Benjamin v. Frenke
Before: York
YORK, P. J. The factual situation presented by the record herein is briefly as follows:
Appellant, a scenario writer and motion picture director, engaged the respondent attorneys at law to represent him in connection with certain claims which he had against the Universal Pictures Corporation, herein referred to as Universal, and on January 28, 1937, respondents delivered to appellant a retainer agreement which provided that they were “to receive and retain out of any recovery obtained on my behalf either by way of settlement of said claim, in or out of court, or collection of judgment, 35% of any and all sums so recovered, received or collected. In the event action of an appeal in the litigation aforesaid or in the event of a [737]new trial being granted and the case being tried a second time or a second trial being commenced, then your percentage is to be 40%.” This agreement was never signed, but on February 6, 1937, appellant prepared, signed and his secretary delivered to respondents a retainer agreement which contained, among other things, the following recital:
“You are to receive and retain out of any recovery obtained on my behalf either by way of settlement of said claim, in or out of court, or collection of judgment, fifteen (15%) per cent of any and all sums so recovered, received or collected out of court; thirty (30%) per cent of any and all sums so recovered, received or collected through court action and/or trial. In the event action of an appeal in the litigation aforesaid or in the event of a new trial being granted and the case being tried a second time or a second trial being commenced, then your percentage is to be thirty-five (35%) per cent. ’ ’

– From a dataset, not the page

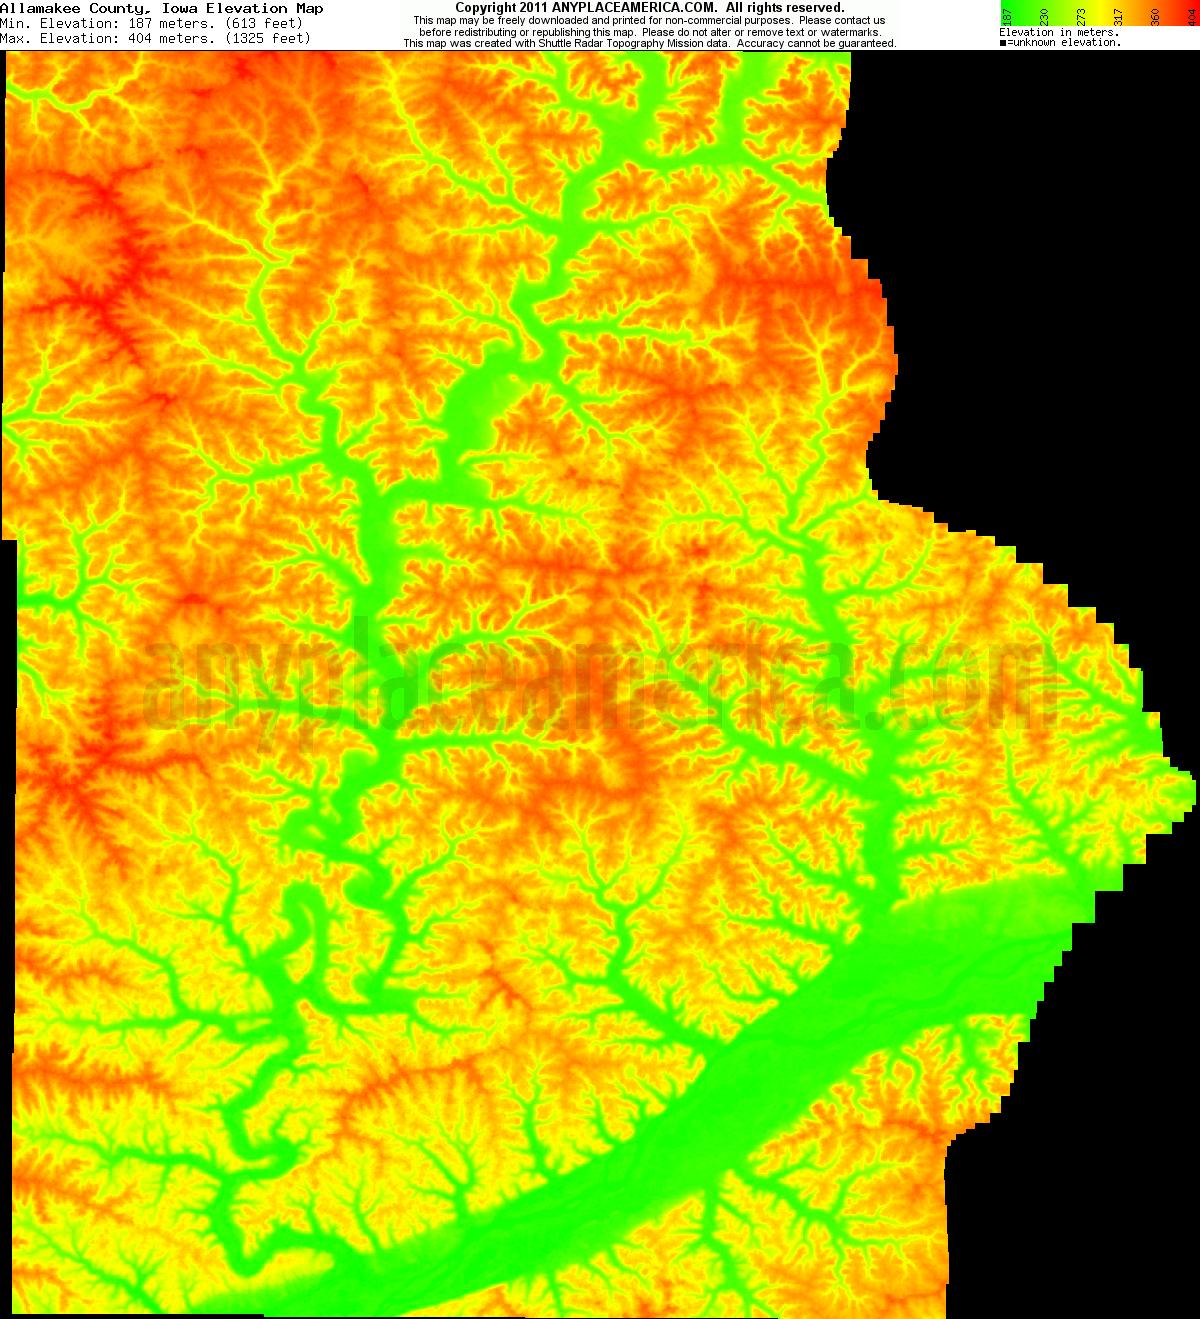 free allamakee county iowa topo maps elevations free allamakee county iowa topo maps

On February 17th, respondents wrote to appellant at London, England, with respect to the terms contained in the retainer of February 6th, to the effect that the 15 per cent provided therein meant they could collect 15 per cent in the event a settlement was effected without filing a complaint, and that thg fee would be 30 per cent if an action were filed. Respondents enclosed with this letter a new retainer agreement which provided that they proceed ‘ ‘ on the basis of one-third to us of any amount or amounts recovered, in aiy event, except in case of a new trial being granted ... or a second trial being commenced, or in the event of an appeal ... it would be 40% ”,
On March 11, 1937, appellant wrote respondents from London: “I acknowledge your letter of February 17th and enclose the documents you wished me to sign. I have only changed 33% to 30% and I know you will agree with this.” No documents were enclosed.